= Philip Llewellin =

Philip "Phil" Llewellin (23 October 1940 – 1 July 2005) was a British journalist and writer. Born in Oswestry, Shropshire, he was educated at Oswestry School and Wycliffe College, Gloucestershire.

==Career==
After a brief career in insurance, he started in journalism on the Oswestry and Border Counties Advertizer, and later moved to the Shrewsbury Chronicle.

In 1969 he became a freelance writer and one of his first commissions was an article on the musician and actor Tommy Steele for The Observer magazine. His work was eclectic and in the 1970s he contributed to a series of travel guidebooks which built upon his wide-ranging knowledge of the UK and made good use of his love of Wales.

But in time his work focussed increasingly on his passion for cars and motoring. From the late 1960s until his death he worked for a large number of publications in the UK and abroad, including The Observer, Car Magazine, the Daily Telegraph, Truck magazine, The Independent, Car & Driver, and Automobile Magazine.

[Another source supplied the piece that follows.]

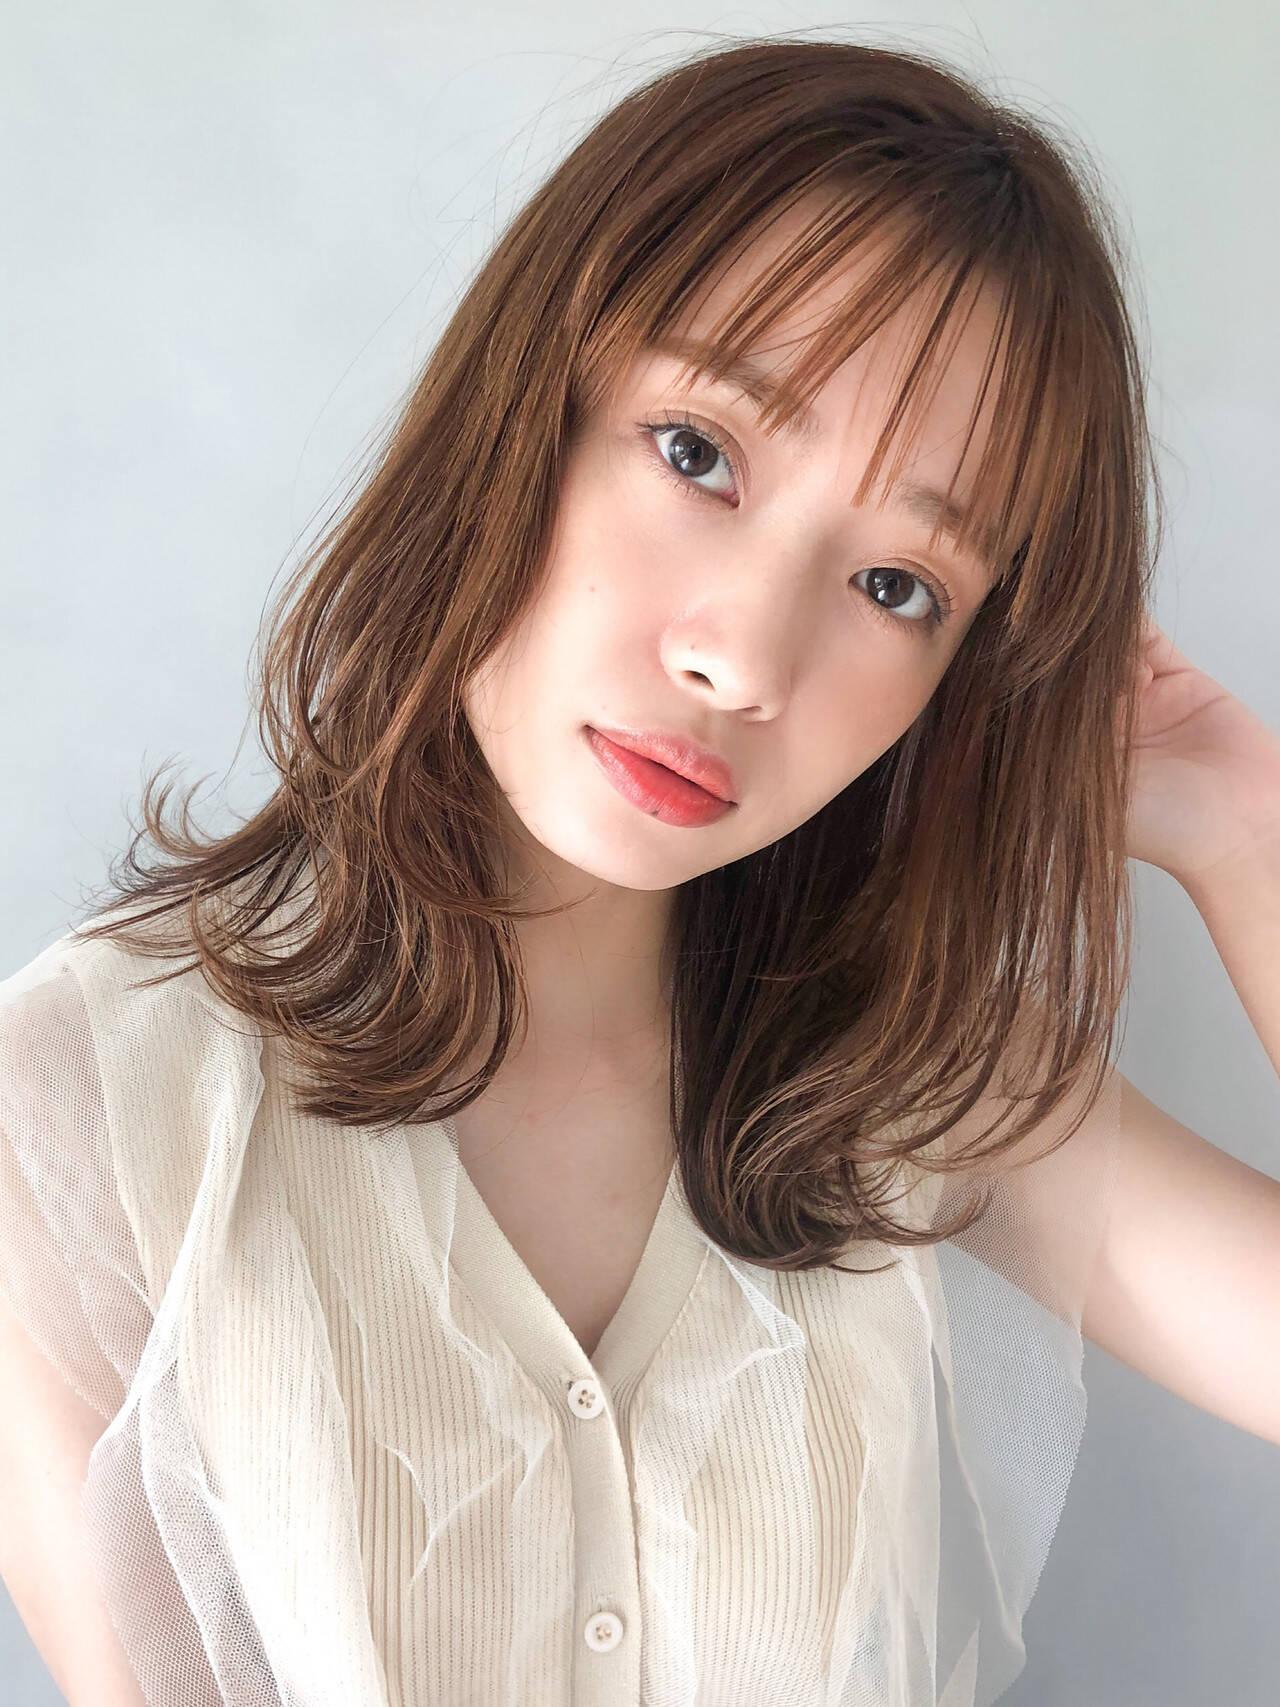 小顔ヘア ホワイトシルバー モテボブ ショートボブヘアスタイルや髪型の写真・画像

Although, superficially, most of his writing was about cars it often also touched on aspects of military history, travel and engineering (he was an admirer of Isambard Kingdom Brunel and Thomas Telford). His writing was also noted for its humour.

A collection of his writing, The Road to Muckle Flugga, was published in 2004. In his foreword, Jeremy Clarkson, the journalist and former presenter of BBC Television's Top Gear, wrote "Phil realized that cars were dull. It was what you did with them that mattered."

He was a long-standing member of the Guild of Motoring Writers which has set up an annual Student of the Year award in his memory. Phil was also a member of the Midland Group of Motoring Writers, which has established an annual award in his memory. It asks young writers, aged between 10 and 16, to imagine a journey and the car they would make it in. The prize is £1,000 worth of travel vouchers, a visit to the Aston Martin factory at Gaydon (and passenger ride in one of the cars) and a week's loan of a new Audi to the winner's parents.

He died of a heart attack in 2005 whilst on holiday in Croatia. In a reader's obituary published in The Guardian, Frank Page (motoring journalist), described Phil Llewellin as "one of the best motoring writers, if not the best, of the past four decades."